Duo

21.4.02024 5 (4)

Beitragsfoto: Bérengére Le Boulair und Christiane Reiling

Fenster

Beginnen wir einmal mit etwas Erfreulichem. Nach fast 20 Jahren wird die Fenstererneuerung bei der Grünewaldschule endlich fortgesetzt; dafür sind nun 1 Million Euro fällig. Noch im Sommer soll die gleich daneben liegende Neckartalschule abgerissen und deren Neubau dann mit der Grünewaldschule zu einem Campus zusammenwachsen. Das hört sich schon einmal ganz gut an. Hoffen wir nun darauf, dass danach beide Schulen zumindest den aktuellen Forderungen an Bildungseinrichtungen genügen werden — die Lehrer und Schüler hätten es verdient.

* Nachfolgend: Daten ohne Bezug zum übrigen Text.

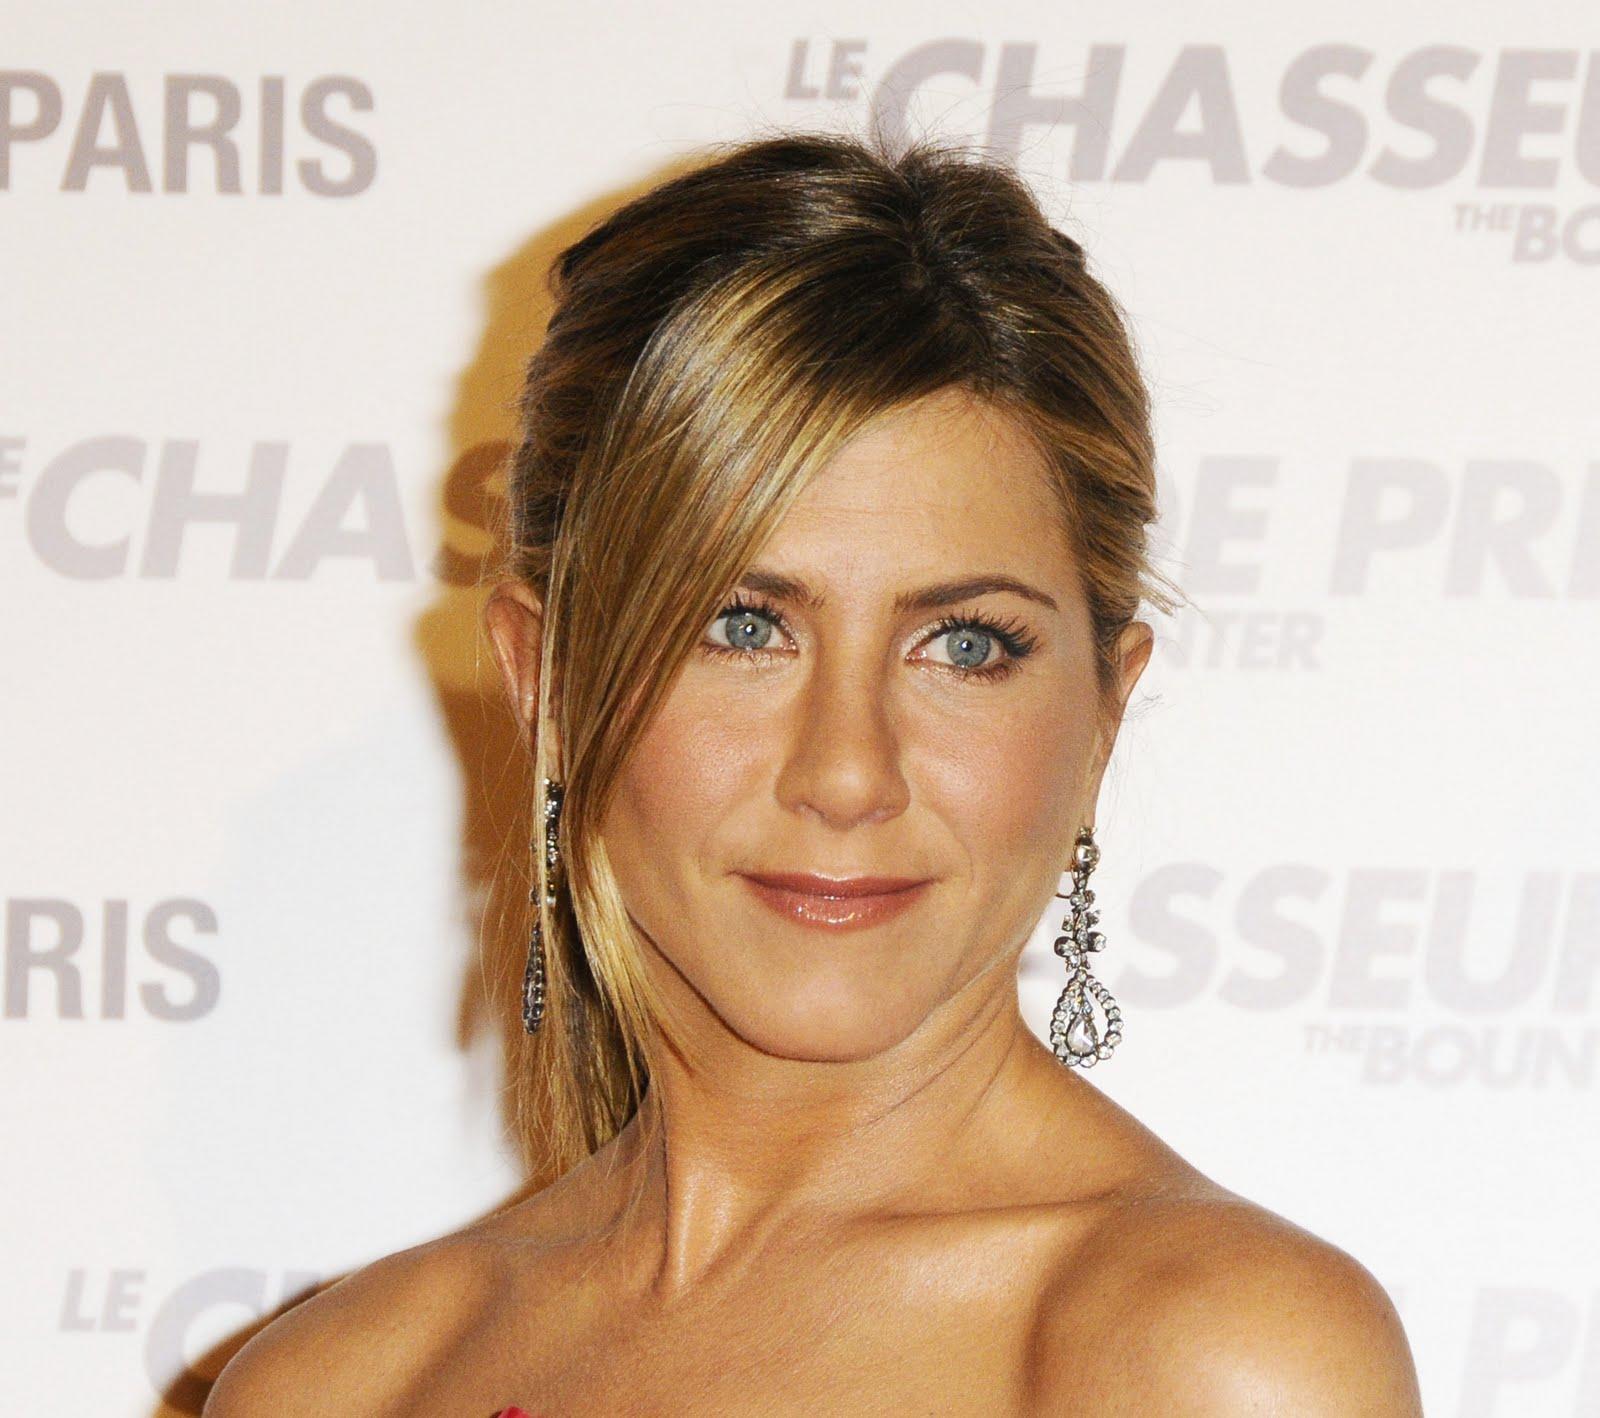 http://2.bp.blogspot.com/-HmrihRl4GhM/TaxWaBjHyyI/AAAAAAAAAKU/UrBXiuqdkmc/s1600/4PK40HU2QX_Jennifer_Aniston_40_The_Bounty_Hunter_Paris_Premiere_-_03.28.2010_028.jpg

Inzwischen will man die Container an den Dammschulen als Ausweichquartier für die Neckartalschüler nutzen. Bleibt zu hoffen, dass der Gemeinderat danach den Mut und das Geld aufbringt, die Container entsorgt und an deren Stelle die Dammschulen zu einem zeitgemäßen Schulzentrum, einschließlich der notwendigen Sport- und Schwimmhallen ausbaut. Alte Gemäuer nur etwas aufzuhübschen reicht schon lange nicht mehr! Zumindest aber zieht es dann weniger, wobei wir schon längst hätten erkennen müssen, dass Zugluft das geringste Problem heutiger Bildungsbemühungen ist.

Konzertabend

Kaum wieder auf dem Dampfer, konnte ich gestern Abend einer Einladung der Amicale des Français de Heilbronn folgen und wurde sogleich mit einem deutsch-französischen Konzertabend über die Freundschaft belohnt. Dieser fand interessanter Weise in der Aula der Fritz-Ulrich-Schule statt, was mich nun schon wieder zum Wahlkampf führt, nämlich, dass man in Heilbronn einmal darüber nachdenken könnte, wie man bei uns Bildung und Kultur besser in Übereinklang bringt und nicht beständig nur darüber, wer an was etwas verdienen darf und wer nicht!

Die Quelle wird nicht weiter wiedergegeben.